**Action item:**
Go to the line holding "12V 8Ah Battery" in the data below and repeat it exactly, then each line after it up to and including the one holding "Fish relief in". Omit pictures.

**Input:**
▬▬▬▬▬▬

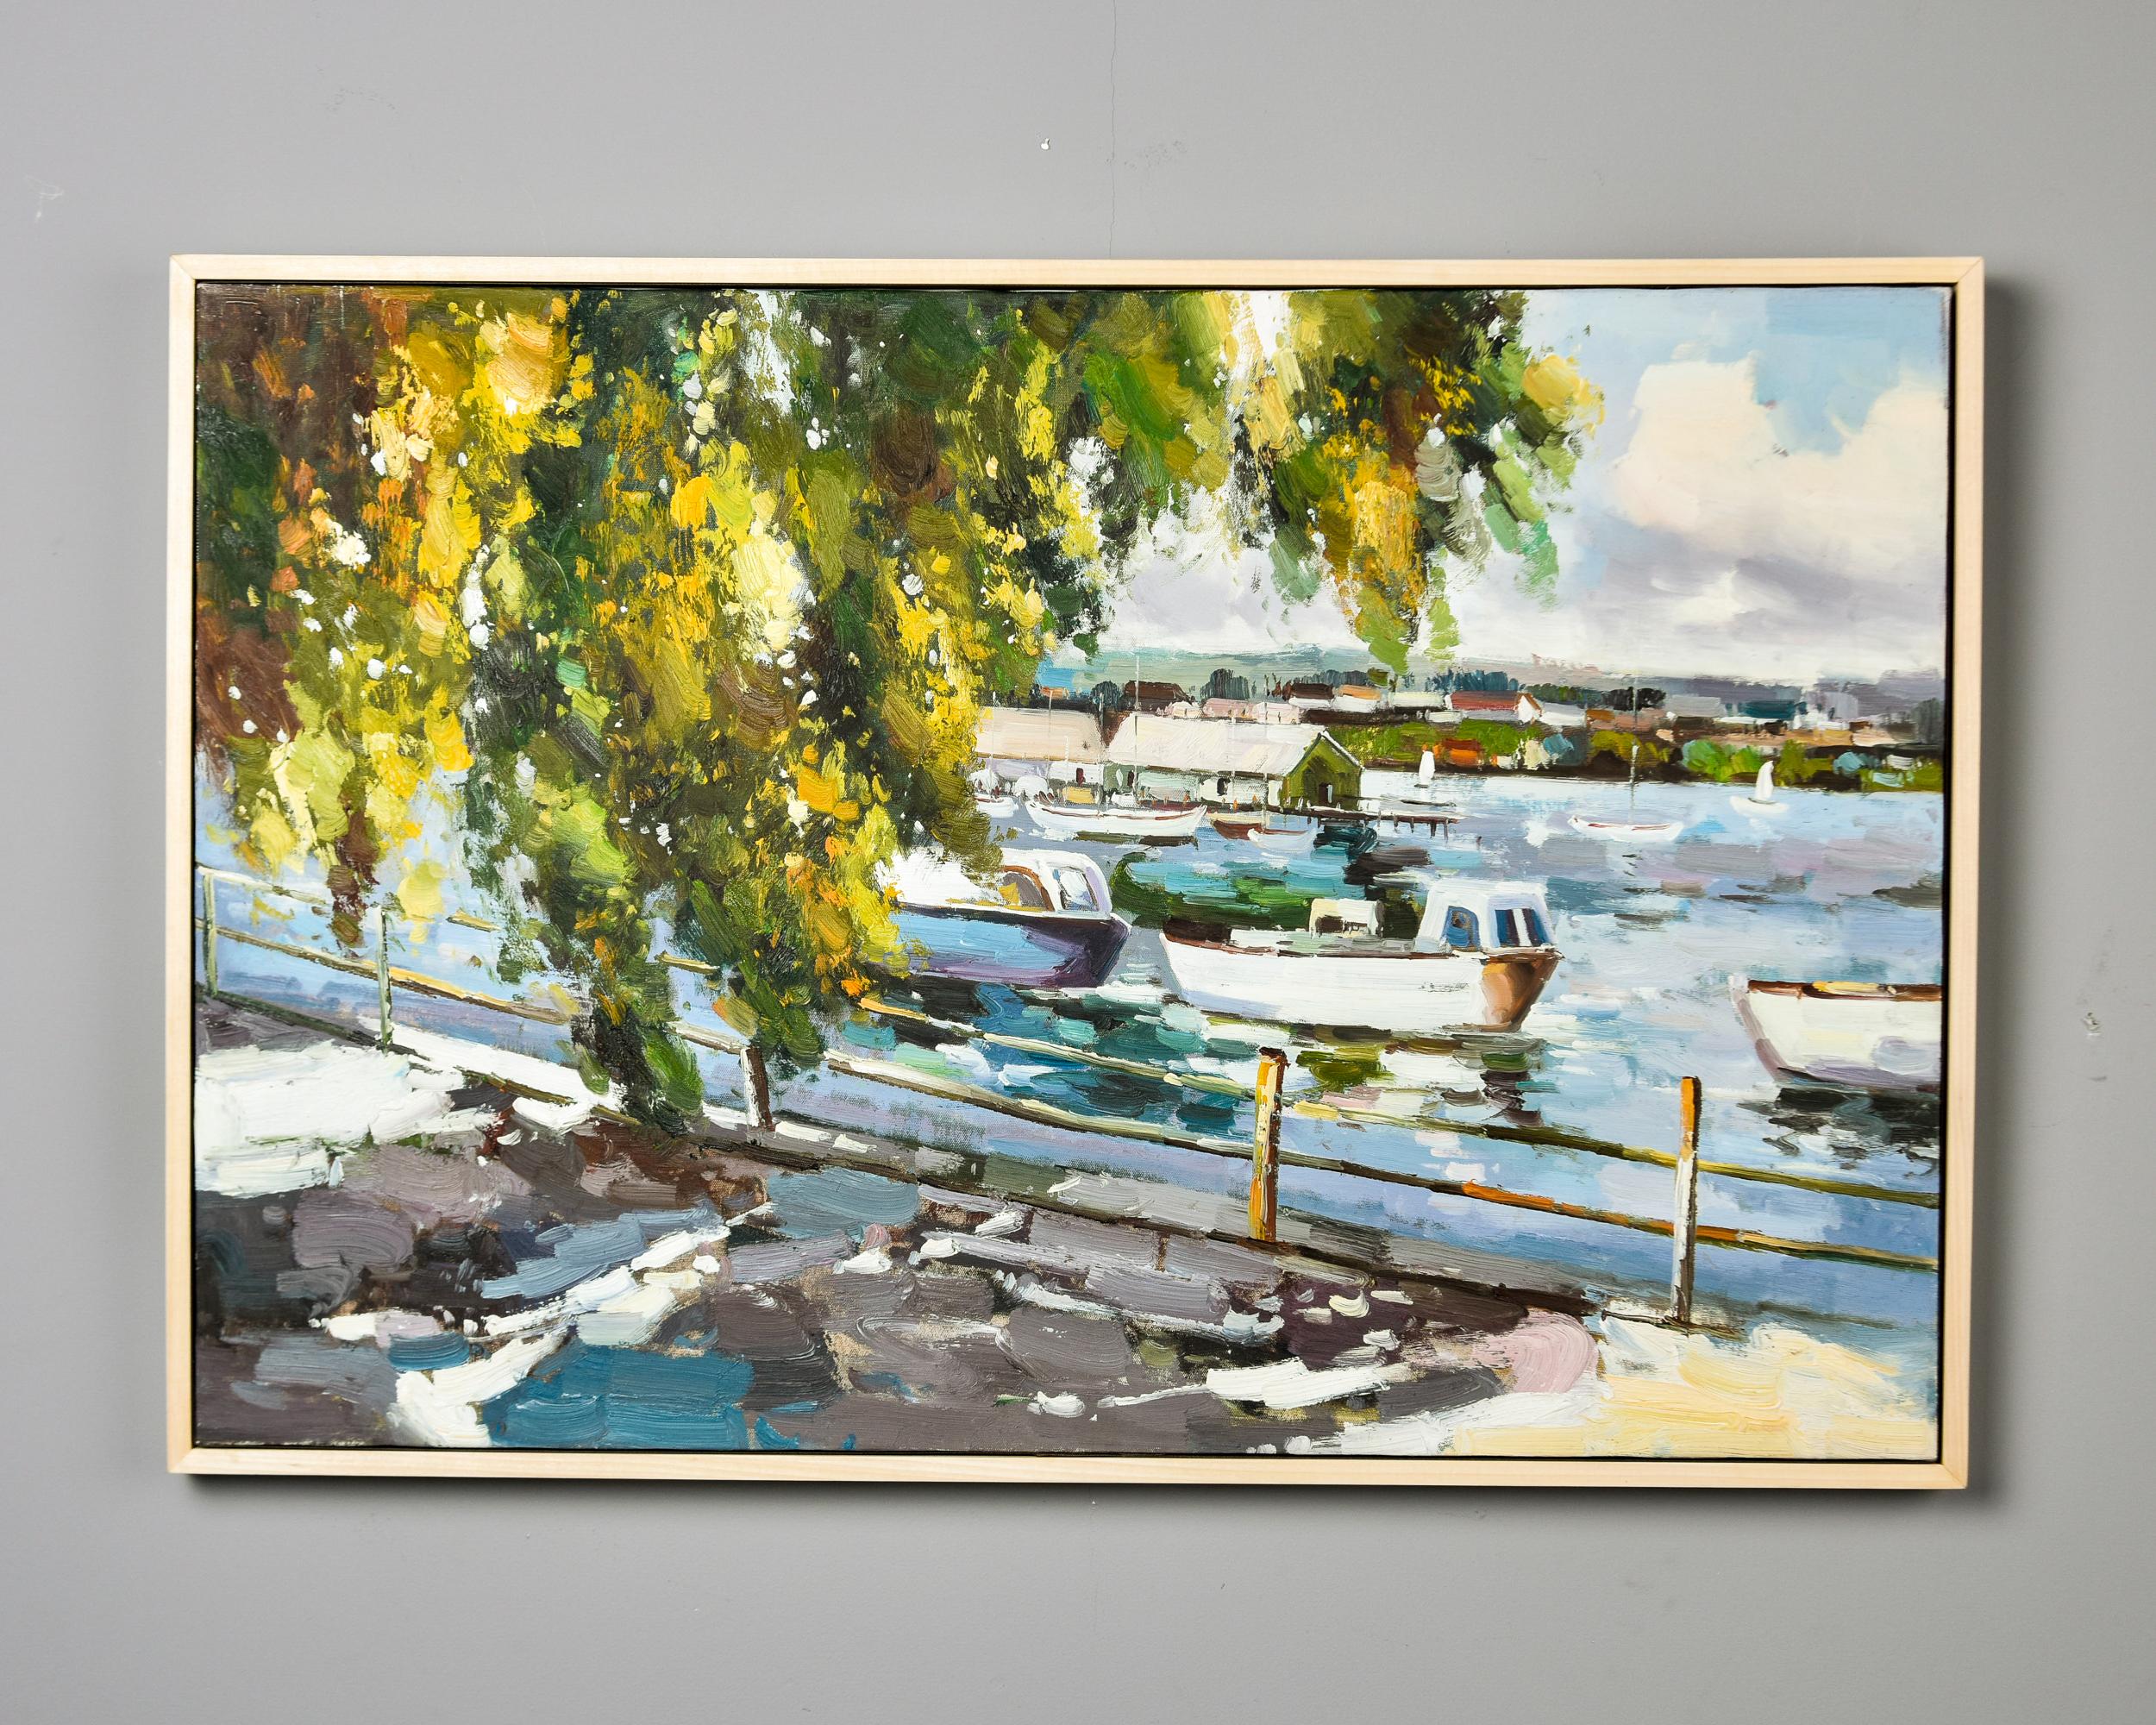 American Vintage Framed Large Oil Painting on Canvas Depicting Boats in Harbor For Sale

▬▬▬▬▬▬

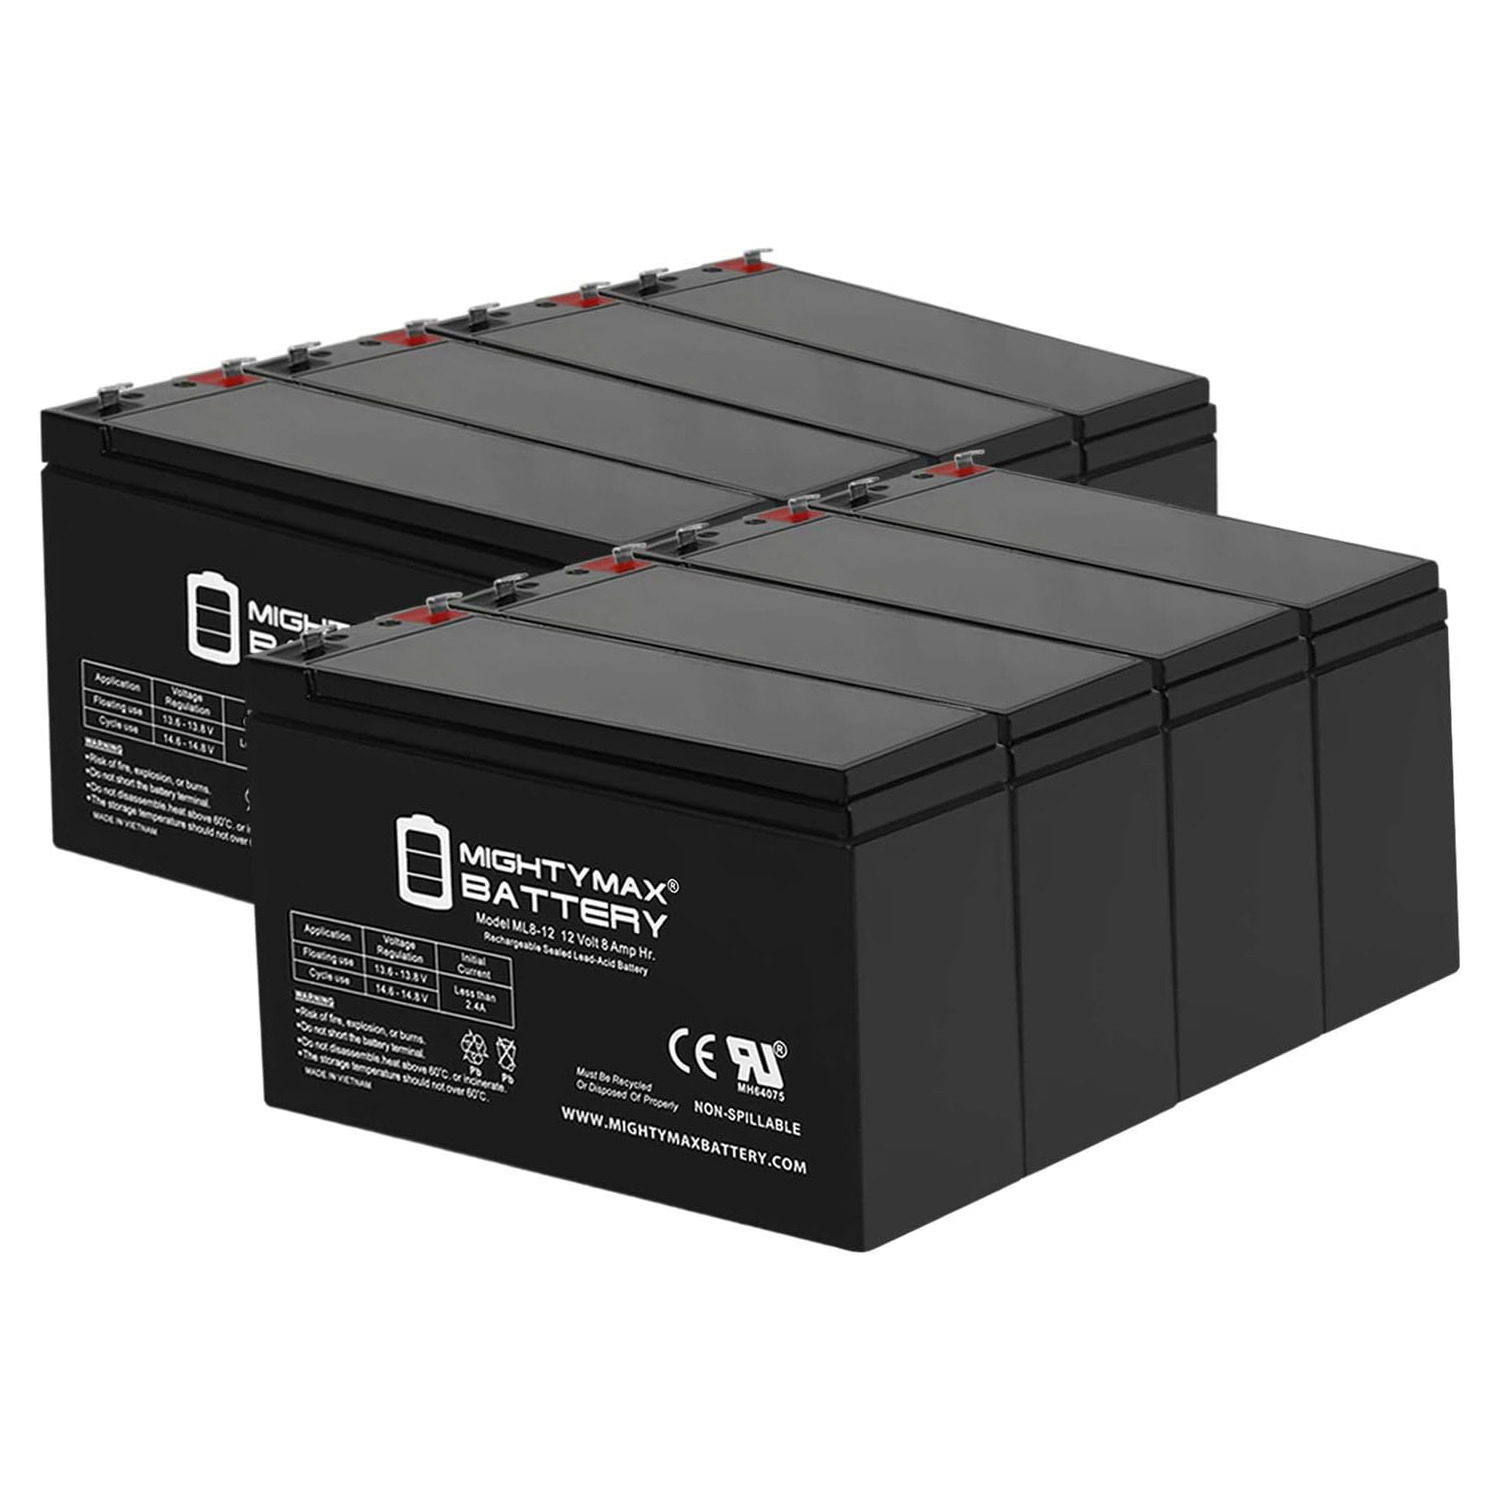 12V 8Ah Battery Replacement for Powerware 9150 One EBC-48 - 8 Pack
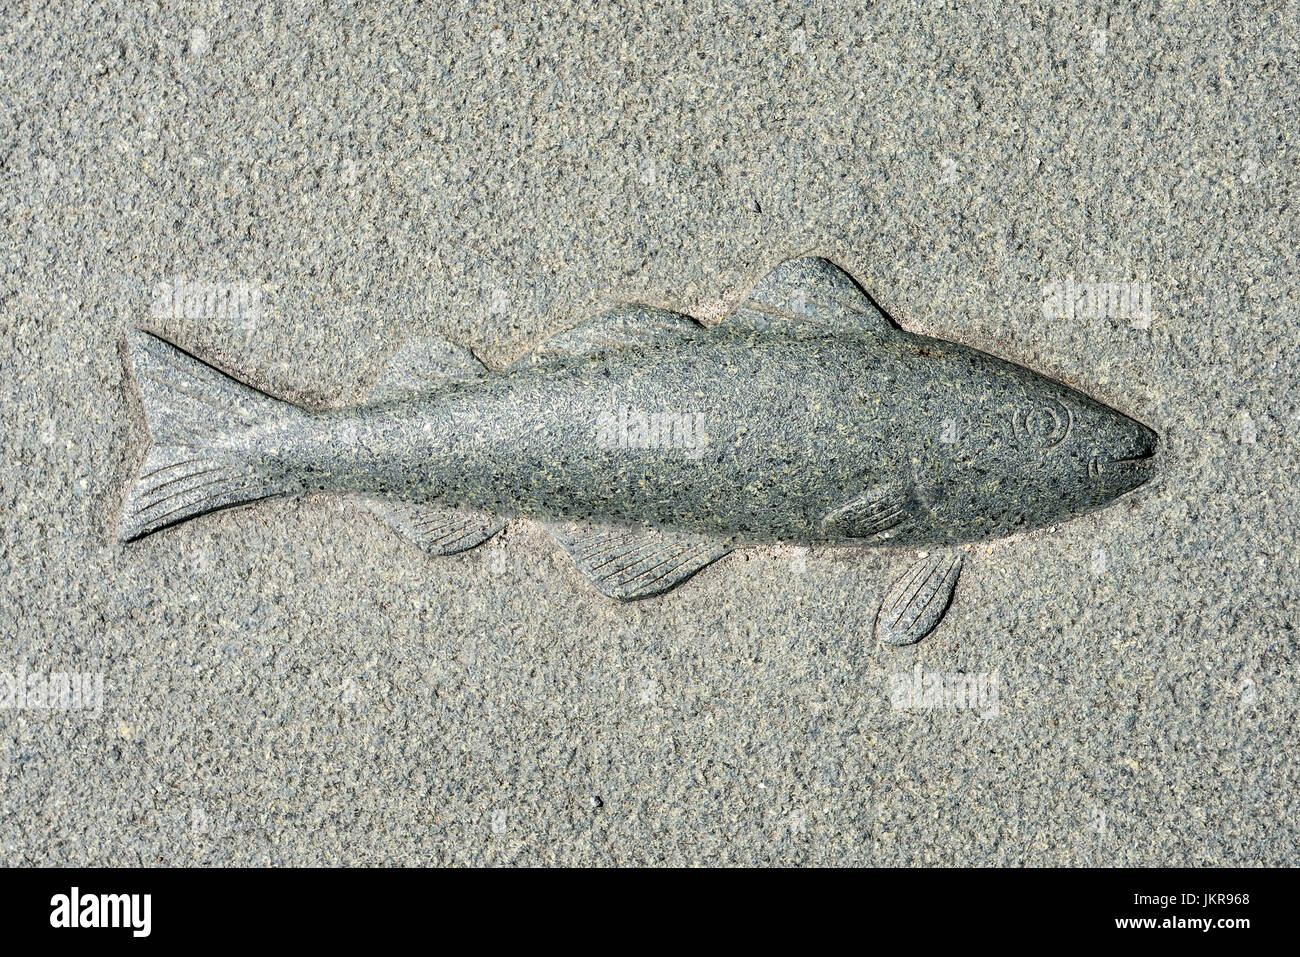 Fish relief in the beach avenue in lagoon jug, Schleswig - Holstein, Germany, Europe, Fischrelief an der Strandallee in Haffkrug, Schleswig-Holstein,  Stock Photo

▬▬▬▬▬▬

**Answer to the exercise:**
 12V 8Ah Battery Replacement for Powerware 9150 One EBC-48 - 8 Pack
 Fish relief in the beach avenue in lagoon jug, Schleswig - Holstein, Germany, Europe, Fischrelief an der Strandallee in Haffkrug, Schleswig-Holstein,  Stock Photo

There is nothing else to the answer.